Abstract
Artificial intelligence (AI) plays a crucial role in functional genomic analysis, offering great potential for comprehending biological phenomena such as heredity, development, diseases, and evolution. However, the development of AI models needs substantial labeled data, and these models are typically task-specific with limited generalizability to various applications. Here, we develop Genomics-FM, a genomic vocabulary driven foundation model that enables versatile and label-efficient functional genomic analysis. Specifically, Genomics-FM is first pretrained with ensemble genomic vocabulary on vast unlabelled data to learn comprehensive and generalizable representations and then finetuned with specific genomic vocabulary on limited labeled data to selectively activate and adapt the pretraining knowledge for specific tasks. We show that Genomics-FM significantly reduces the dependence on labeled data, and demonstrates the capability to outperform existing models across a comprehensive suite of tasks including genome annotation, epigenomic and expression profile prediction, and variant effect assessment.
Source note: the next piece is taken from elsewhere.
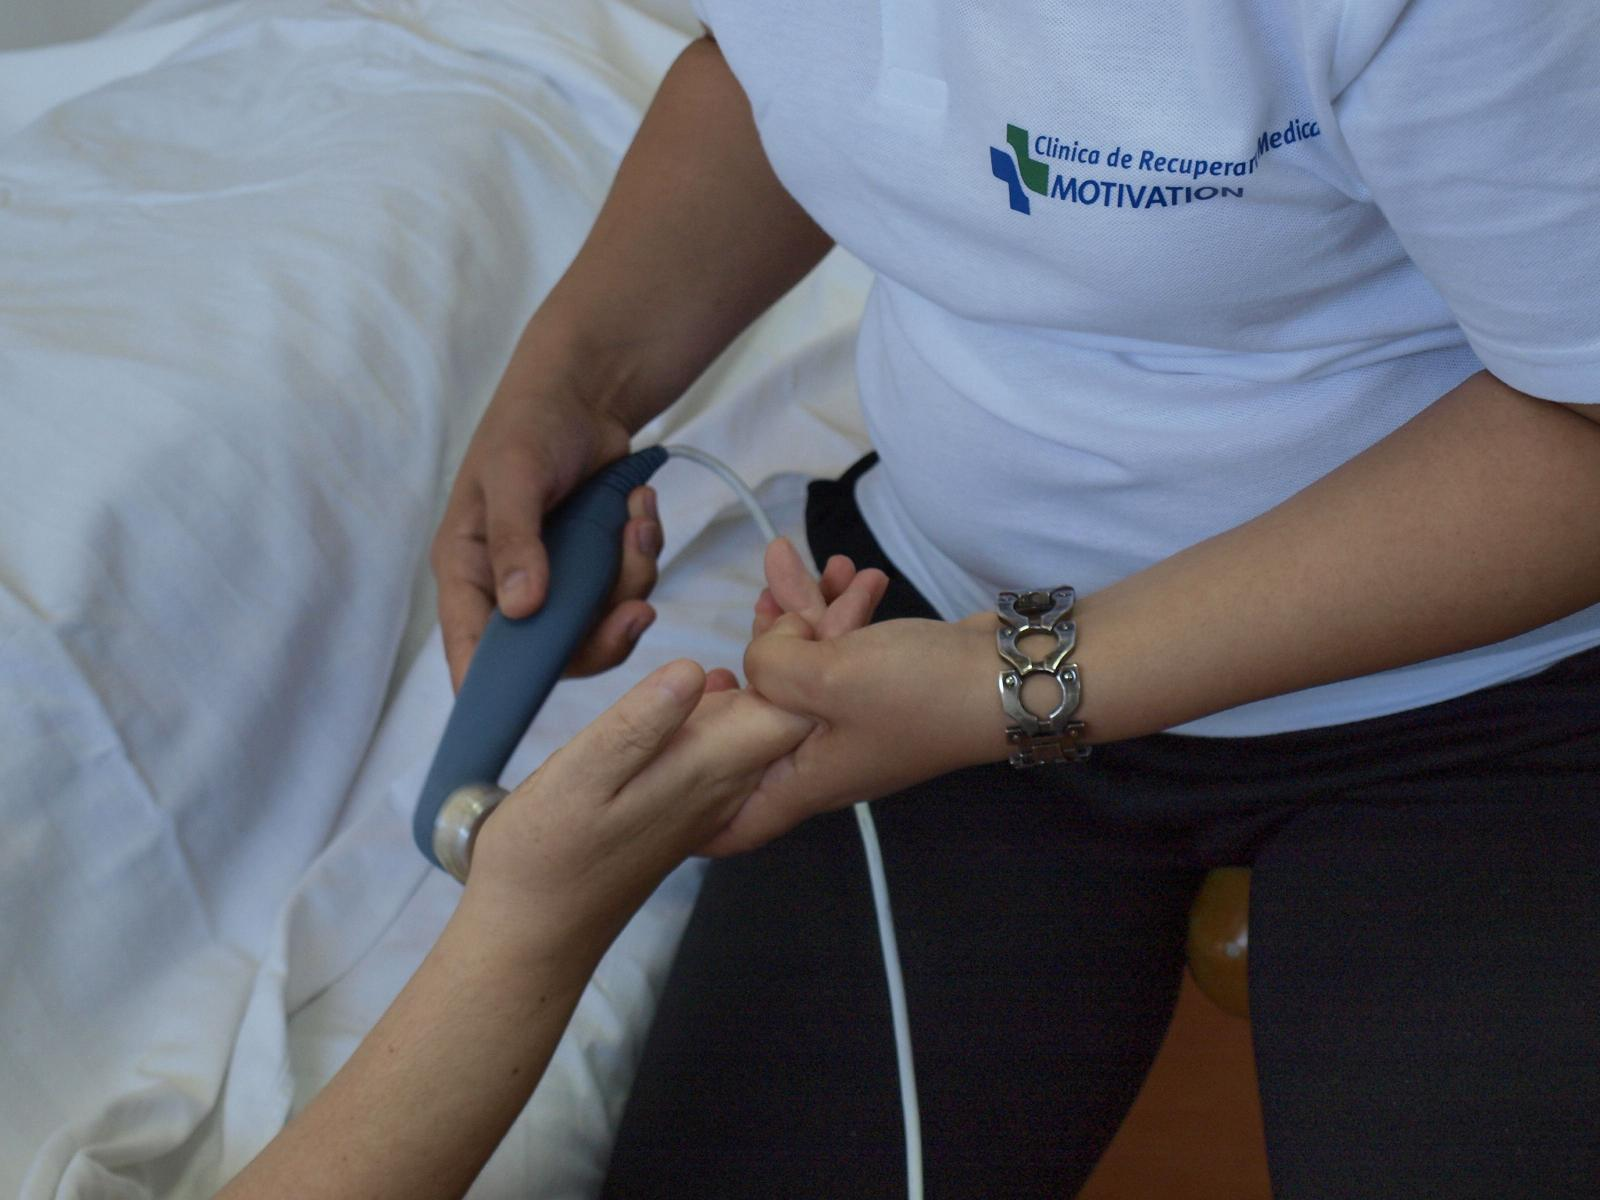 Clinica de Recuperare Motivation - _5132634.JPG

Remarkably, Genomics-FM even shows impressive zero-shot predictive capabilities across diverse species and tissues and exhibits noticeable adaptability to RNA-related tasks. With feasibility in data scarcity and even cross-domain biological scenarios, Genomics-FM will promote the broad application of AI and empower researchers to tackle previously insurmountable challenges, paving the way for groundbreaking research and discoveries.
Competing Interest Statement
The authors have declared no competing interest.